Undocumented immigrants in California can now receive health insurance from the state.
When the calendar turned to the New Year, The Golden State made every undocumented immigrant eligible for the state’s Medicaid program version, called Medi-Cal. Regardless of how old the migrants are, they can participate in the program, which is designed to help low-income families.
Before this new law went into effect, undocumented immigrants couldn’t qualify for a comprehensive health insurance plan. They were, however, able to receive care for pregnancies and emergencies under the Medi-Cal program, if they met certain requirements.

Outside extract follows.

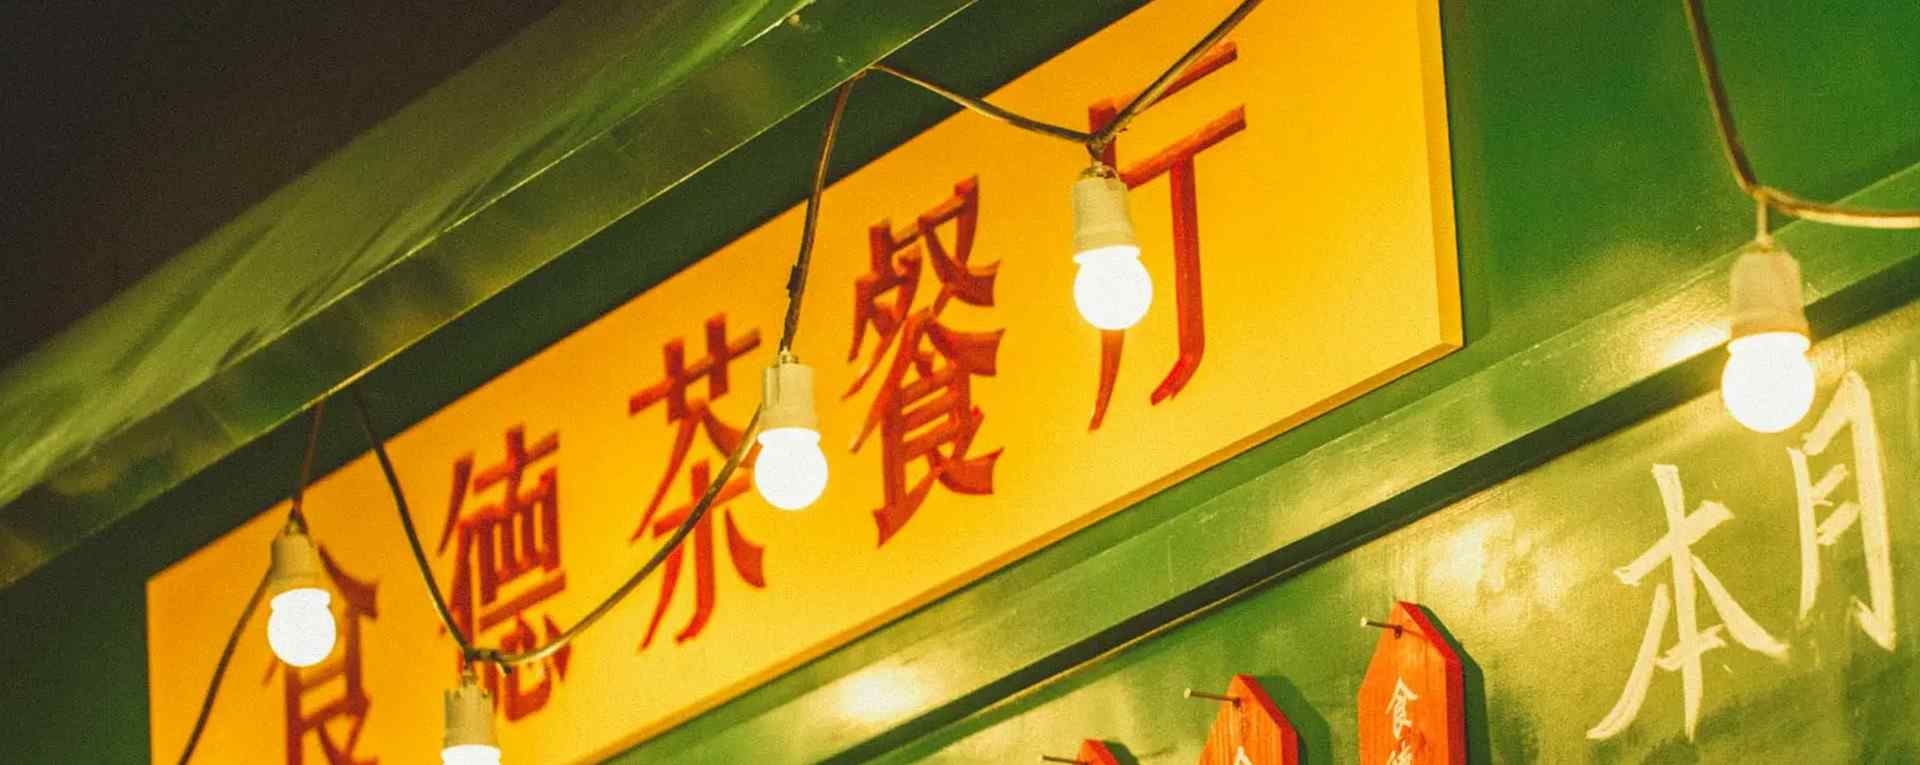 香港茶餐厅_香港特色小吃_香港甜品_香港美食壁纸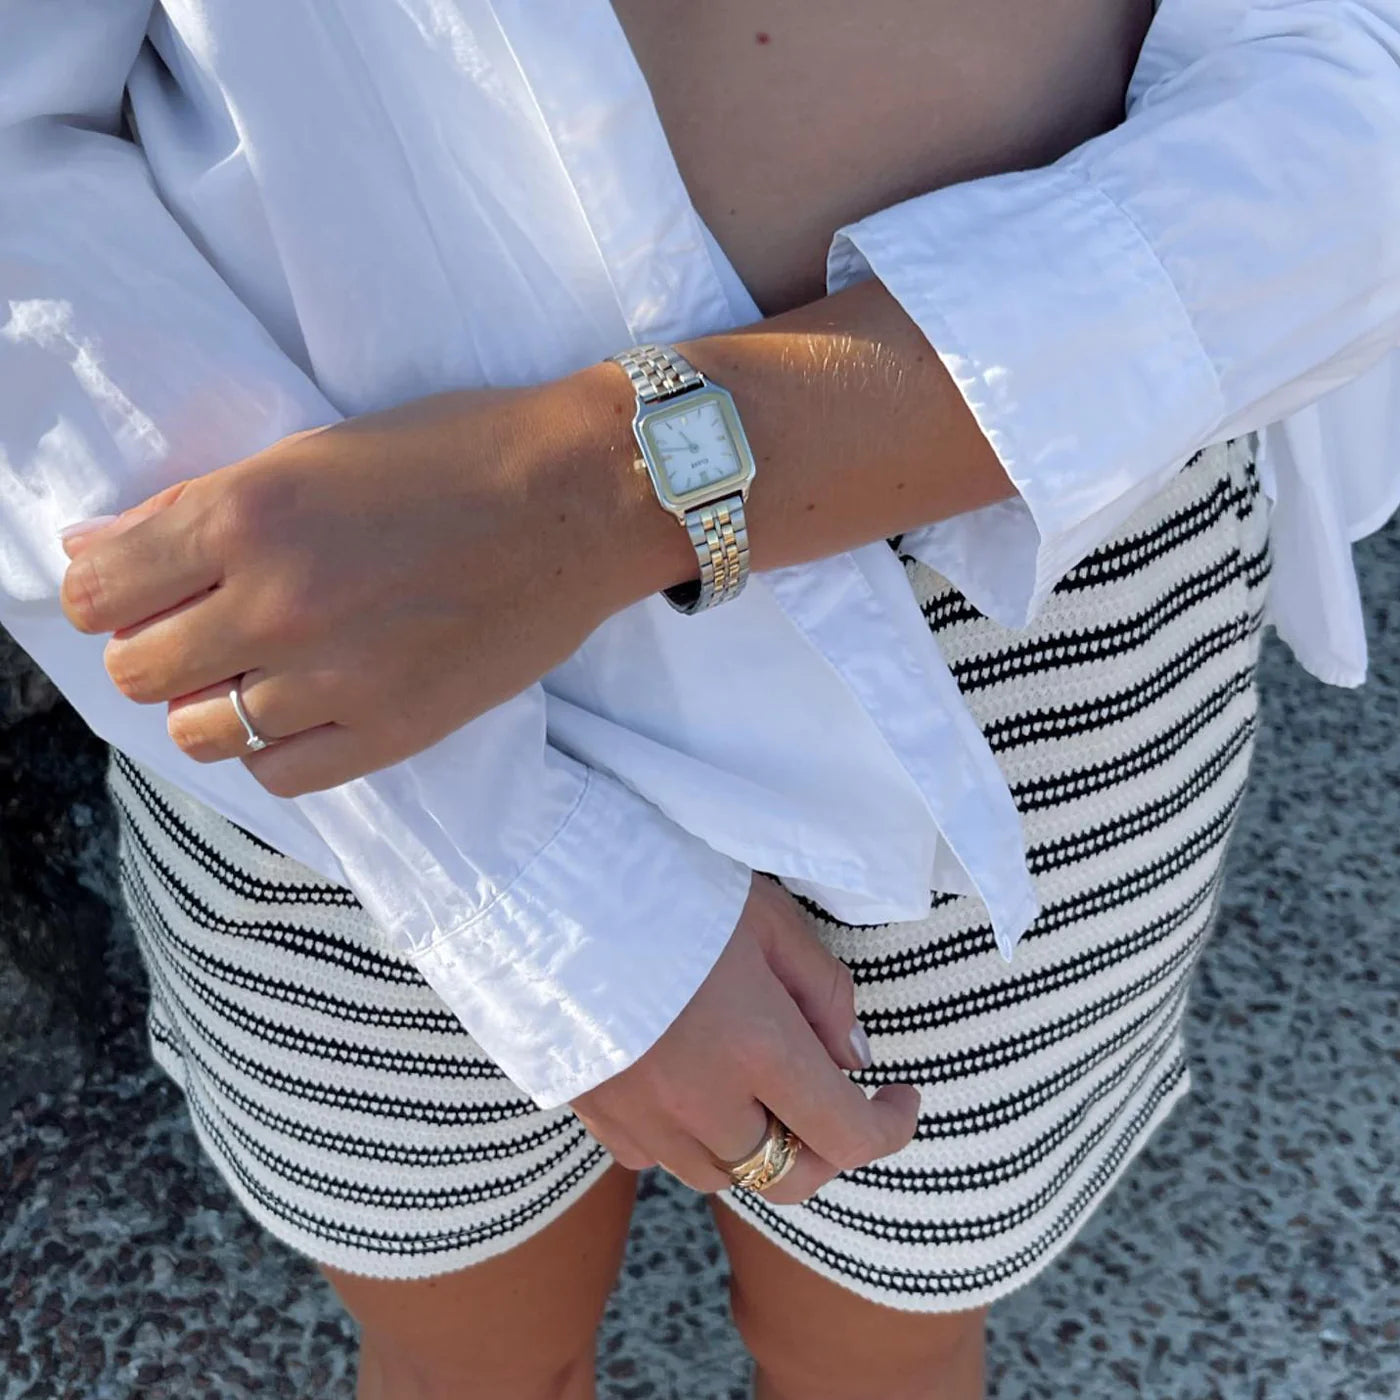 Frau trägt ein sommerliches Outfit und die  Cluse Stahl-Uhr "Gracieuse Petite" in Stahl-Gold-Optik (bicolor) mit weißem Zifferblatt an ihrem Handgelenk

Undocumented children could join the state’s Medicaid program starting in 2015 under former Governor Jerry Brown. Then, current Governor Gavin Newsom expanded access to Medi-Cal for people between the ages of 19 and 25 in 2019, regardless of a person’s immigration or citizenship status.
That was expanded once again to include people who are 50 or older so they could receive the full benefits.
This final expansion went into effect at the turn of the New Year. Maria Elena Durazo, a state Senator in California, said that because of the expansion, about 700,000 undocumented immigrants between 26 and 49 years old will now be eligible to receive full health insurance coverage.
As she said as part of a statement in May:
“This historic investment speaks to California’s commitment to health care as a human right.”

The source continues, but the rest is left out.